"""
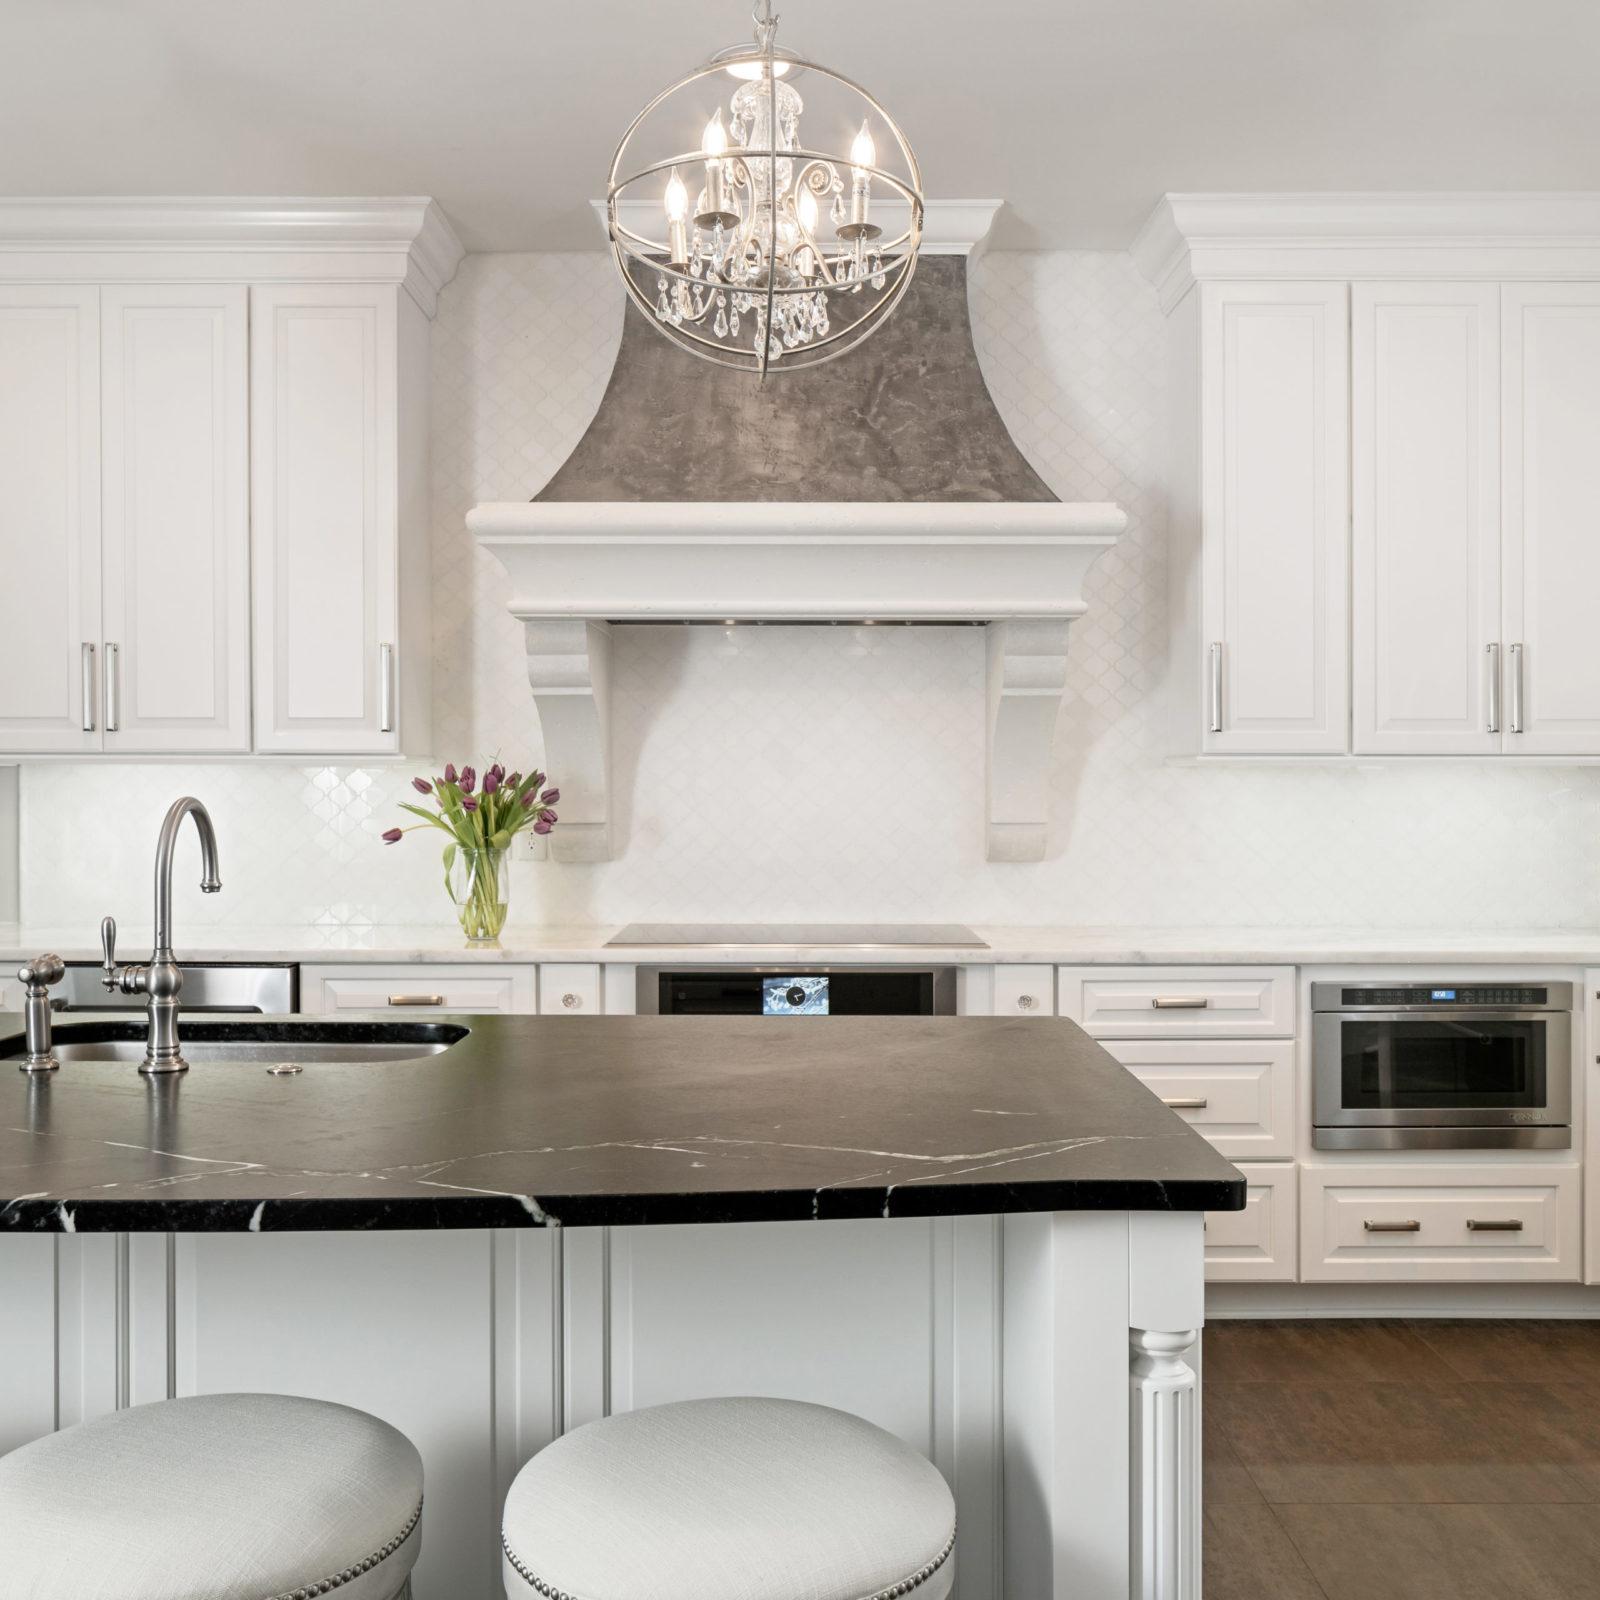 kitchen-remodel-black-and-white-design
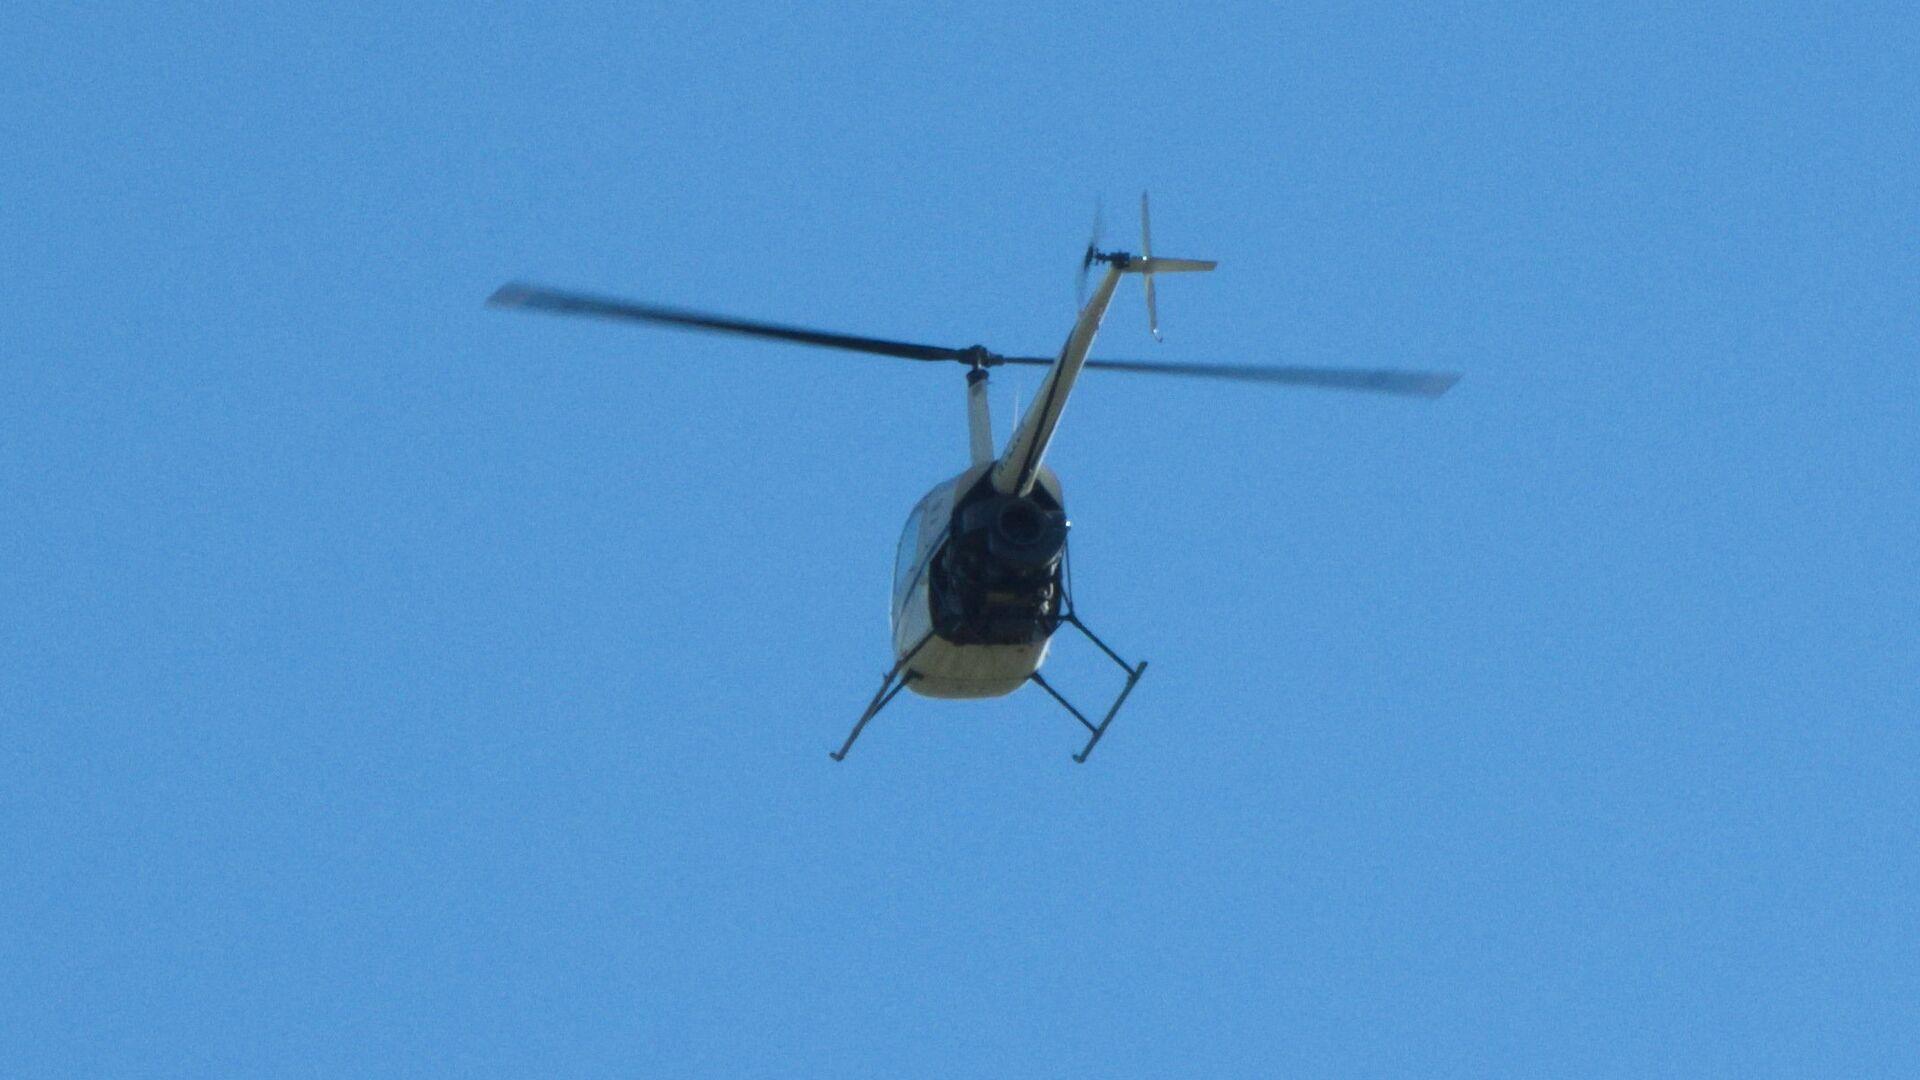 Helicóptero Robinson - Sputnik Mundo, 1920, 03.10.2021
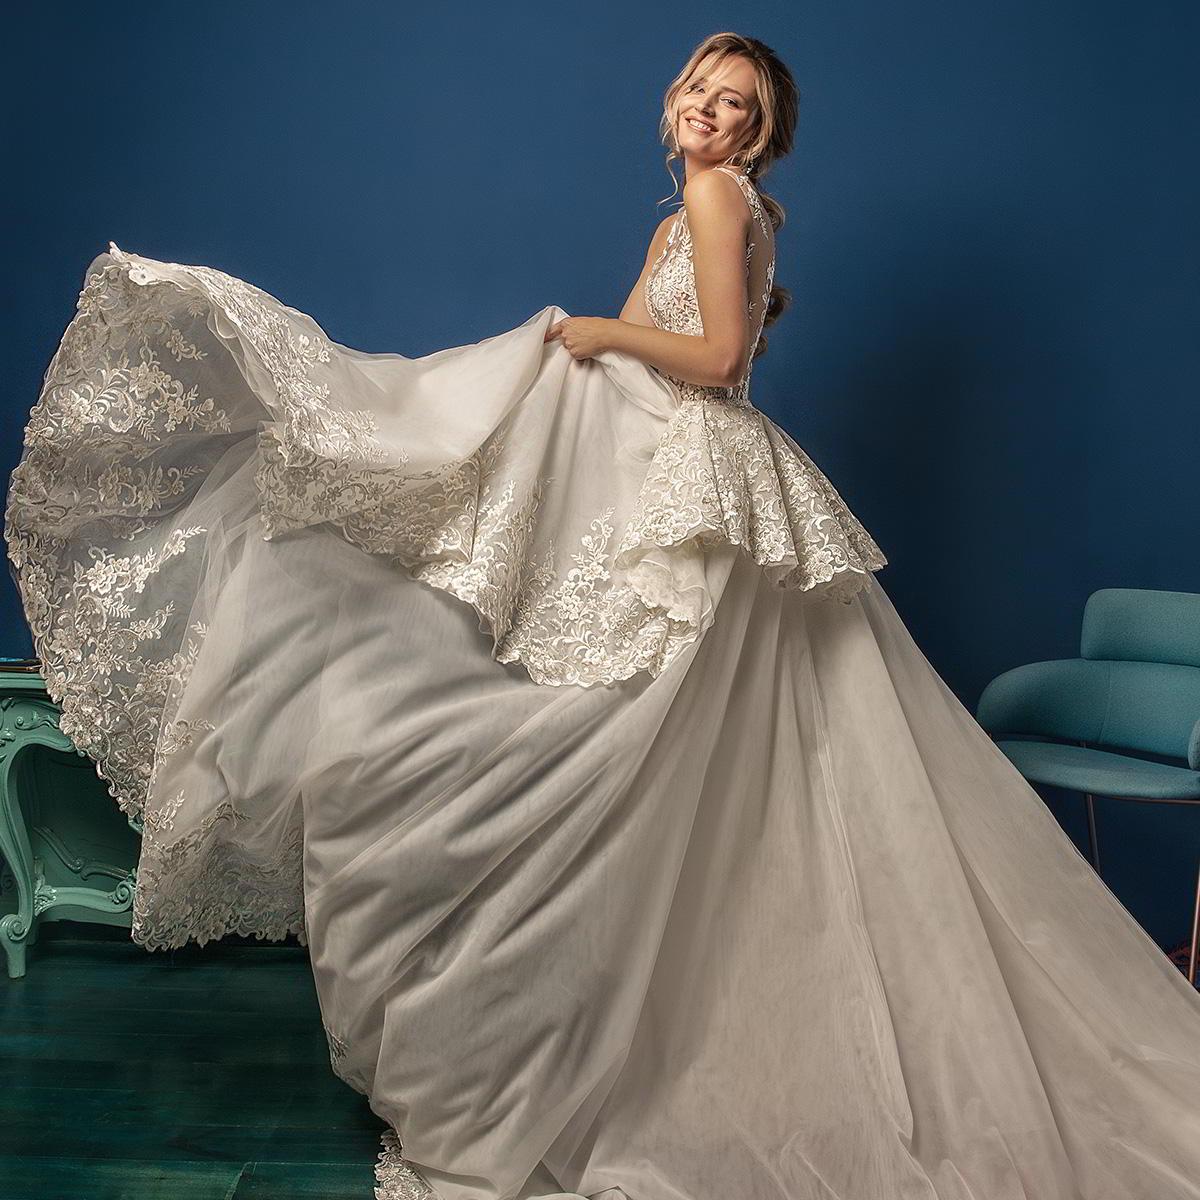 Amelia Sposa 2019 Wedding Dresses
"""
**Exercise instructions**
Print the listing again exactly, please. Keep the pictures out of it.

**Written answer**
 kitchen-remodel-black-and-white-design
 Helicóptero Robinson - Sputnik Mundo, 1920, 03.10.2021
 Amelia Sposa 2019 Wedding Dresses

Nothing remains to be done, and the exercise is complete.